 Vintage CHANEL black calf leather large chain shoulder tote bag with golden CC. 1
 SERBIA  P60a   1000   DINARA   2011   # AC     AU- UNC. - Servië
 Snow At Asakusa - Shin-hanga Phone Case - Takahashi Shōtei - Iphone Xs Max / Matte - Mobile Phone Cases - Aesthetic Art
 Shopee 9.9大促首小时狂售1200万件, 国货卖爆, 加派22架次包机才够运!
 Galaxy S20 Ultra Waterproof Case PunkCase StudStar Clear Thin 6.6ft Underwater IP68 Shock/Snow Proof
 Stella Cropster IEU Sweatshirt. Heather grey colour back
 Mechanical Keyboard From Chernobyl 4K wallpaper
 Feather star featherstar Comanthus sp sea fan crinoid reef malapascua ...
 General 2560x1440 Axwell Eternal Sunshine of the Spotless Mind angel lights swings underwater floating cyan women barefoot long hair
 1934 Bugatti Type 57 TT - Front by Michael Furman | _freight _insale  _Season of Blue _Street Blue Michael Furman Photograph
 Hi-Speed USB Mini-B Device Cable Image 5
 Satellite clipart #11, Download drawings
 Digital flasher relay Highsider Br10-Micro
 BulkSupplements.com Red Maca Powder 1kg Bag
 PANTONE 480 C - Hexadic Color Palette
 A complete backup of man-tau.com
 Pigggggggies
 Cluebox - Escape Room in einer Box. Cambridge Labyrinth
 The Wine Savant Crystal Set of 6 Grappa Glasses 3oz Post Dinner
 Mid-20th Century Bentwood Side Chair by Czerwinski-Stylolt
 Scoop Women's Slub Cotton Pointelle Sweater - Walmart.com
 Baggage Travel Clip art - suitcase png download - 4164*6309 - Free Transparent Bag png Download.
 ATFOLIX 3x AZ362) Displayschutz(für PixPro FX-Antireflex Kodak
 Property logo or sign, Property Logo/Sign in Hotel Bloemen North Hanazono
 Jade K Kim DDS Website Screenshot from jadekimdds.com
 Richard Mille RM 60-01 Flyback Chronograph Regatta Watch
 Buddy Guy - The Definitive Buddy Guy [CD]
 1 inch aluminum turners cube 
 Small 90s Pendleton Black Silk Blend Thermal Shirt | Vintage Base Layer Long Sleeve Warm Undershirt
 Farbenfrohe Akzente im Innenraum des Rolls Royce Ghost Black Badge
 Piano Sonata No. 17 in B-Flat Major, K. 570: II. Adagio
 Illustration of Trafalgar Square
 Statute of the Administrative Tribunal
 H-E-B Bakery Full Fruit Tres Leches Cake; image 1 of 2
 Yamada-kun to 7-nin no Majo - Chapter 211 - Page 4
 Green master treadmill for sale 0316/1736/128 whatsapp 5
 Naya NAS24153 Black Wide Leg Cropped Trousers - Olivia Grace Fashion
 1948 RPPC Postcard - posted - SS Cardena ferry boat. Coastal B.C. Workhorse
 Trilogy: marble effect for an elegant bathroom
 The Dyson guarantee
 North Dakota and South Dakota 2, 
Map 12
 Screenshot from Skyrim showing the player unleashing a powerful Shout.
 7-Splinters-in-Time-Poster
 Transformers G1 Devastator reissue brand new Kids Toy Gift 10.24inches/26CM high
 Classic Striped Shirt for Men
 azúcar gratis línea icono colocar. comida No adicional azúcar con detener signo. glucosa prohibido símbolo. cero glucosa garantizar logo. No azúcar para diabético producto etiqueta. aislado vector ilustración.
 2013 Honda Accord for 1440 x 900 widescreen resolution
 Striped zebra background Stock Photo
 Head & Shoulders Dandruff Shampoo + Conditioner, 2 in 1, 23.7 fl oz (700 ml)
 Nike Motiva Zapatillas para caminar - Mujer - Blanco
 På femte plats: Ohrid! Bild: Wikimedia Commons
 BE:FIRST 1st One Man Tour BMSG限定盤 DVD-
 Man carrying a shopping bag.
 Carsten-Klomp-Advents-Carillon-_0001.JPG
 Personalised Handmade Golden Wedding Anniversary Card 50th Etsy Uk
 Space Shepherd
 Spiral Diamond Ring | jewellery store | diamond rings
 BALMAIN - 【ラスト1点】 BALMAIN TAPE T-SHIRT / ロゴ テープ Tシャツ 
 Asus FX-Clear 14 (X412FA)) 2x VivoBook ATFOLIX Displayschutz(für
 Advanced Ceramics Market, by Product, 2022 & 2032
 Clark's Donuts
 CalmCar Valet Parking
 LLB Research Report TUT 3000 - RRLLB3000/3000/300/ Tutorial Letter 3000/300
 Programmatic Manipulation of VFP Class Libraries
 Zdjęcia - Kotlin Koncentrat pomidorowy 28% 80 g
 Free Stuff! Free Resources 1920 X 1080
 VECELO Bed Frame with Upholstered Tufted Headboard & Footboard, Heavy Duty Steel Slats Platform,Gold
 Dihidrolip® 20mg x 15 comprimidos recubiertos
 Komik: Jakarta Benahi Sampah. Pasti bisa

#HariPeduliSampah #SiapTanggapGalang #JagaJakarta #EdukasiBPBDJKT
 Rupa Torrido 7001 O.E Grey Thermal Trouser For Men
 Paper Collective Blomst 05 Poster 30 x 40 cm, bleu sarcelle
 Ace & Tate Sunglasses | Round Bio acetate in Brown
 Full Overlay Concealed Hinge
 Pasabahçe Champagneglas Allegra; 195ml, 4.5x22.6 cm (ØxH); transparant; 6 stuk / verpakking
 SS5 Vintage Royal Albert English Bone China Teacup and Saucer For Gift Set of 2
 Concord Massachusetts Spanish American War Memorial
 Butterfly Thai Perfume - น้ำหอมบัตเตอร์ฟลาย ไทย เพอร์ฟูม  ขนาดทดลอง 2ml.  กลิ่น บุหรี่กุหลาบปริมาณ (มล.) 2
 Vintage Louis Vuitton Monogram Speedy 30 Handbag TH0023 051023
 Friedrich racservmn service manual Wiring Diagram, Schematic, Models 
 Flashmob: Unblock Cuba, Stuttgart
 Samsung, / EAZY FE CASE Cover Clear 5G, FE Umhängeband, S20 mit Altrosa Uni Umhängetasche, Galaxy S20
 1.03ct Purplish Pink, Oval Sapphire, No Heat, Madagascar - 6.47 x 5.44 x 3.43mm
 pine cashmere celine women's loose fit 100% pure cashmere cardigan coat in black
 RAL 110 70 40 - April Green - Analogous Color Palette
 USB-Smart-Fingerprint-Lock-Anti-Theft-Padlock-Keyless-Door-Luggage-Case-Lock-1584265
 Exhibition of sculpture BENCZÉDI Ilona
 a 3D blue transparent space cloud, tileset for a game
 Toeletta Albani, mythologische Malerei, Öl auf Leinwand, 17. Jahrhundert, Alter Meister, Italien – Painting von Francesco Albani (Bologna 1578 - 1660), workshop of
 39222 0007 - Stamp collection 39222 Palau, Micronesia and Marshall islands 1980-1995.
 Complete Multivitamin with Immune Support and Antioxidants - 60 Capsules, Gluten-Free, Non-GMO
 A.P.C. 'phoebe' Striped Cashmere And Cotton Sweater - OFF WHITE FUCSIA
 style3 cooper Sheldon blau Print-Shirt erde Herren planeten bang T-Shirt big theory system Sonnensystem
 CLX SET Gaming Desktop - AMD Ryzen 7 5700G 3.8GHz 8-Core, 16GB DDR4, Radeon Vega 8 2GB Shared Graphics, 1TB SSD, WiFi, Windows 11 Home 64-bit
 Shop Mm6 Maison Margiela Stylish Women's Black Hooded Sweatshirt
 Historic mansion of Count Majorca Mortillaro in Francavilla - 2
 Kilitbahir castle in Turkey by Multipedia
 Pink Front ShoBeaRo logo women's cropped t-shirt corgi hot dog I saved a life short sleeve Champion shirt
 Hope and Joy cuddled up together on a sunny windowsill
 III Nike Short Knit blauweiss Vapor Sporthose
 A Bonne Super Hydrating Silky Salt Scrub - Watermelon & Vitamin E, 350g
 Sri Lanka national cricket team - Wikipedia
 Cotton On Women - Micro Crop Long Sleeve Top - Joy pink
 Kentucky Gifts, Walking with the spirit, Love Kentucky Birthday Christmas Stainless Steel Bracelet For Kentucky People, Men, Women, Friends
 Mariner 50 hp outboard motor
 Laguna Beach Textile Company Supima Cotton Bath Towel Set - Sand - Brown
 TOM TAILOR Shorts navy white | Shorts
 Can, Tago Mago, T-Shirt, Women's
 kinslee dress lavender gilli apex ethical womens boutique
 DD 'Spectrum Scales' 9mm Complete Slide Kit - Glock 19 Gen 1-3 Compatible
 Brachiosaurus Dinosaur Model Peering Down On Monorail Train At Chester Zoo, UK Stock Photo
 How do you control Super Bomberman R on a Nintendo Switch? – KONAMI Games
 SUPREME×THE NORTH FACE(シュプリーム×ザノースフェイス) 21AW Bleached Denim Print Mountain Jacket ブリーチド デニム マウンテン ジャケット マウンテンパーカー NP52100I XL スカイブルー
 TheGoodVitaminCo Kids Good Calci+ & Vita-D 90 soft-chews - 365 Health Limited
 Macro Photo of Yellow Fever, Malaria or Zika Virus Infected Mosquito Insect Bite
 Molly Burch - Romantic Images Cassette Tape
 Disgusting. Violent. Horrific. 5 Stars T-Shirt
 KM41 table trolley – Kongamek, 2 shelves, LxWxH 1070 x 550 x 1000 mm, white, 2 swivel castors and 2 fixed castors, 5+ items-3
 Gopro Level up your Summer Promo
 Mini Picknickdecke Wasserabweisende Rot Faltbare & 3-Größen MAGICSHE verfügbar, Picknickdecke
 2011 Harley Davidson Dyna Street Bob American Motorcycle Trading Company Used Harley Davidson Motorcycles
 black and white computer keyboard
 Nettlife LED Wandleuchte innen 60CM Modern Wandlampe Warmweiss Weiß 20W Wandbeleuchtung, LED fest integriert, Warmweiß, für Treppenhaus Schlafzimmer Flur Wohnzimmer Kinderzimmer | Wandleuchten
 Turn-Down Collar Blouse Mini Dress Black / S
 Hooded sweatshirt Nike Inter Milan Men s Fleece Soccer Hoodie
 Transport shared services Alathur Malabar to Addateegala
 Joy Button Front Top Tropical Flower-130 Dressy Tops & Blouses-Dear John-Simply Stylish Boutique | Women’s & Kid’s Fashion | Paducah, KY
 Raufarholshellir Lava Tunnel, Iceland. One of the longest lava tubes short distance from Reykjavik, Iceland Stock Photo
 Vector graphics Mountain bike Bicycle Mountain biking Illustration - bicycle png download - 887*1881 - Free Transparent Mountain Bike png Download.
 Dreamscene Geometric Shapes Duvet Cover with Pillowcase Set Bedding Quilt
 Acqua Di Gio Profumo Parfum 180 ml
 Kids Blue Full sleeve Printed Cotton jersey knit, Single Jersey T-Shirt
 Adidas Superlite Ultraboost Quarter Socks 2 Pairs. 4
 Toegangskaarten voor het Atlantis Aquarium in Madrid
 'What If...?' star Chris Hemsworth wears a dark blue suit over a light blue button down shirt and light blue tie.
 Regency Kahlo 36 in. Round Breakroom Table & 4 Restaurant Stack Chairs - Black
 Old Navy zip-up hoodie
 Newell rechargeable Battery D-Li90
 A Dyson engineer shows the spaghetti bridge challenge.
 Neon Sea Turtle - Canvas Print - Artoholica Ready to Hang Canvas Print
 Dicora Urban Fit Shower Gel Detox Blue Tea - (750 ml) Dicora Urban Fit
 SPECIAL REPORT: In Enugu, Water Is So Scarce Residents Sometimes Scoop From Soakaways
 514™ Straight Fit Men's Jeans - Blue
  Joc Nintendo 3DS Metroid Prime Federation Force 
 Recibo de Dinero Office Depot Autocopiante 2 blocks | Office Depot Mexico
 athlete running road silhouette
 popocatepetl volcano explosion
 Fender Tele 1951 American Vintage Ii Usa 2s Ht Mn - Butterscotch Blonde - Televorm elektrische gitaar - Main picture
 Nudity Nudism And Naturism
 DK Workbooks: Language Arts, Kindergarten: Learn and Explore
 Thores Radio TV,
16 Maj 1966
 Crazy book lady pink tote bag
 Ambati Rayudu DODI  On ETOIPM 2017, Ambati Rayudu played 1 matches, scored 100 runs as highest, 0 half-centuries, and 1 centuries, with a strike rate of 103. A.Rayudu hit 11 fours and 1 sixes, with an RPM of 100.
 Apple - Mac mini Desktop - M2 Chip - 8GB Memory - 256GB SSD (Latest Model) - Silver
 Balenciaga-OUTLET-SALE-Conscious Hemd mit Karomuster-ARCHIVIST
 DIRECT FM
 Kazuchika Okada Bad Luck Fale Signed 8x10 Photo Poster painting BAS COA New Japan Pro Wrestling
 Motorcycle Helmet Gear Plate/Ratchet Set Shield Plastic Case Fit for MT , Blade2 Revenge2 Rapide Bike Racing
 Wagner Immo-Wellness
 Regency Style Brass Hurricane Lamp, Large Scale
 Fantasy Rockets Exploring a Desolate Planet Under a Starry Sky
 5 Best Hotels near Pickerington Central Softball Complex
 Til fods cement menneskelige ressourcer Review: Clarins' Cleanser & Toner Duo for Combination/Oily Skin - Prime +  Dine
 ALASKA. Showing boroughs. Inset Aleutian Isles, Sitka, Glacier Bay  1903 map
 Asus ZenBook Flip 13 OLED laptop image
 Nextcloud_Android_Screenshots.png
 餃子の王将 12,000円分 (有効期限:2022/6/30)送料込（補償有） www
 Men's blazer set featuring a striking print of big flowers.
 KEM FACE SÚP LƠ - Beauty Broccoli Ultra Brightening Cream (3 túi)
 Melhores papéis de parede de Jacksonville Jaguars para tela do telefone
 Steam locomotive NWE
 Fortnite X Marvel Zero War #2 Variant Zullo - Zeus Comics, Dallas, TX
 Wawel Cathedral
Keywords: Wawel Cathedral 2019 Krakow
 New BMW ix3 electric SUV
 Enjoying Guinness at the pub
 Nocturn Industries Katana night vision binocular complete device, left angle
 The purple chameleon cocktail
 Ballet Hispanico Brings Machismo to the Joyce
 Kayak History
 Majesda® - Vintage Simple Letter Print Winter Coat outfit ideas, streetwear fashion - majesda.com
+ + + +
Goal of the exercise: Every line containing the string "Wawel" should be pulled from the listing and copied.

Result for this exercise:
 Wawel Cathedral
Keywords: Wawel Cathedral 2019 Krakow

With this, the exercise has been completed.